Monoclonal Antibody 3F8 and Sargramostim in Treating Patients With Neuroblastoma
Information source: Memorial Sloan Kettering Cancer Center
ClinicalTrials.gov processed this data on August 23, 2015 Link to the current ClinicalTrials.gov record.
Condition(s) targeted: Neuroblastoma
Intervention: anti-GD2 murine IgG3 monoclonal antibody 3F8 (Biological); anti-GD2 murine IgG3 monoclonal antibody 3F8 (Biological)
Phase: Phase 2
Status: Active, not recruiting
Sponsored by: Memorial Sloan Kettering Cancer Center Official(s) and/or principal investigator(s): Brian H. Kushner, MD, Principal Investigator, Affiliation: Memorial Sloan Kettering Cancer Center
Summary
RATIONALE: Monoclonal antibodies, such as monoclonal antibody 3F8, can locate tumor cells
and either kill them or deliver tumor-killing substances to them without harming normal
cells. Colony-stimulating factors, such as sargramostim, may increase the number of immune
cells found in bone marrow or peripheral blood. Combining monoclonal antibody 3F8 with
sargramostim may cause a stronger immune response and kill more tumor cells.

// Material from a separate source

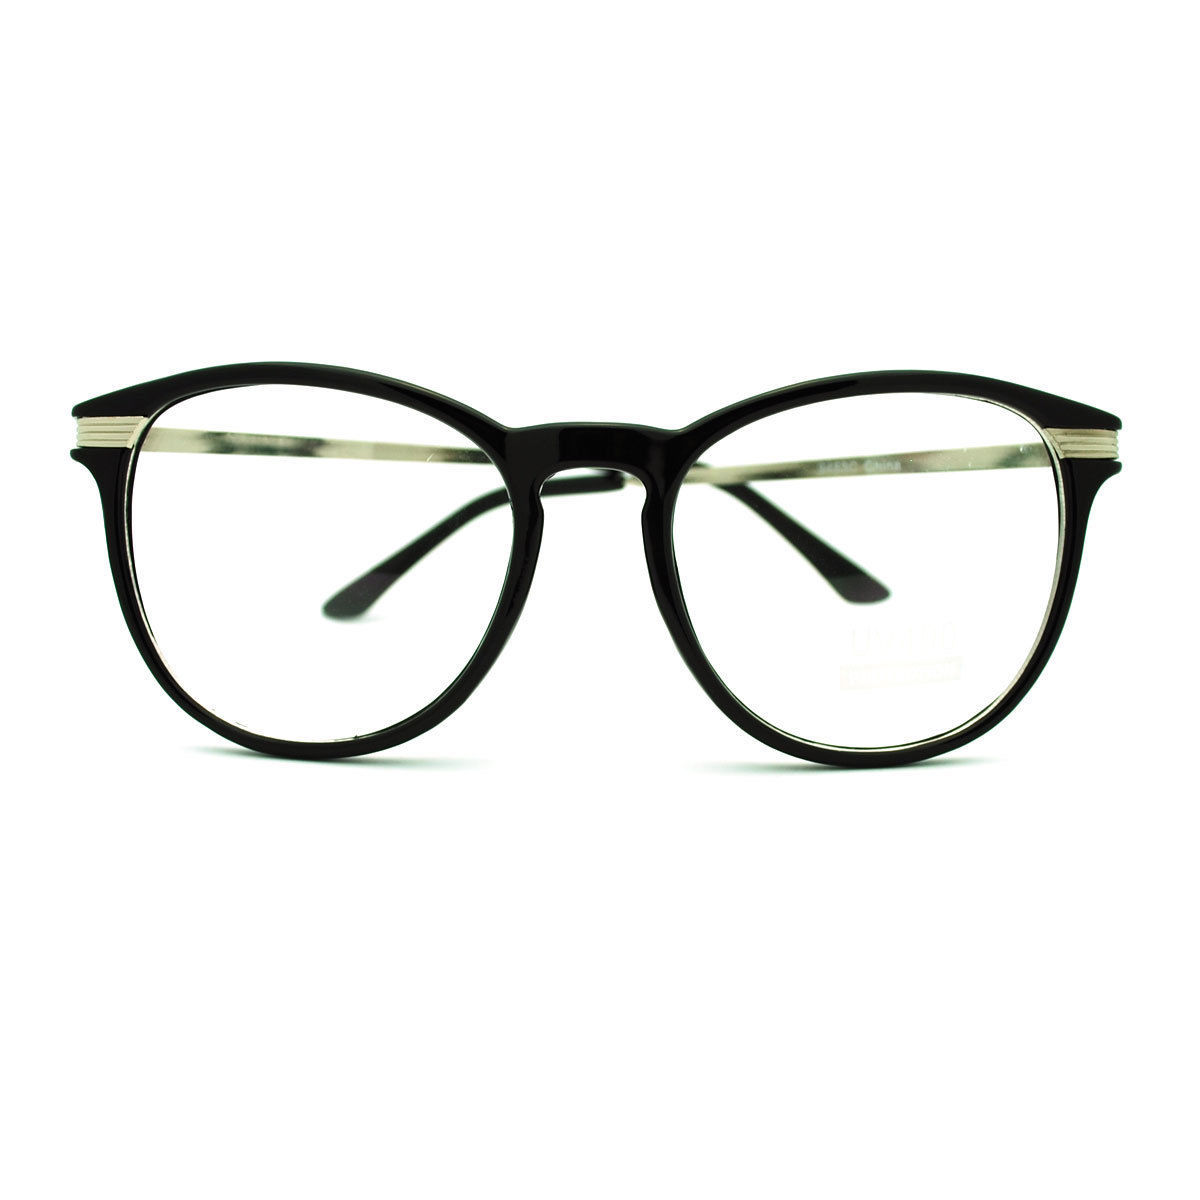 Metal Temple Nerdy Oval Round Plastic Frame Eye Glasses - Black - $7.95

PURPOSE: Phase II trial to study the effectiveness of combining monoclonal antibody 3F8 with
sargramostim in treating patients who have neuroblastoma.
Clinical Details
Official title: Phase II Study of Anti-GD2 3F8 Antibody and GM-CSF for High-Risk Neuroblastoma
Study design: Allocation: Non-Randomized, Endpoint Classification: Safety/Efficacy Study, Intervention Model: Parallel Assignment, Masking: Open Label, Primary Purpose: Treatment
Primary outcome: Efficacy at completion of treatmentRelapse-free survival every 3 months
Secondary outcome: Compare granulocyte activation in patients treated with short-term vs prolonged daily exposure to sargramostim (GM-CSF) after 4 coursesSimplify treatment with consequent reduction in cost
Detailed description:
OBJECTIVES:
- Determine the efficacy of sargramostim (GM-CSF) in enhancing monoclonal antibody
3F8-mediated ablation in patients with high-risk neuroblastoma.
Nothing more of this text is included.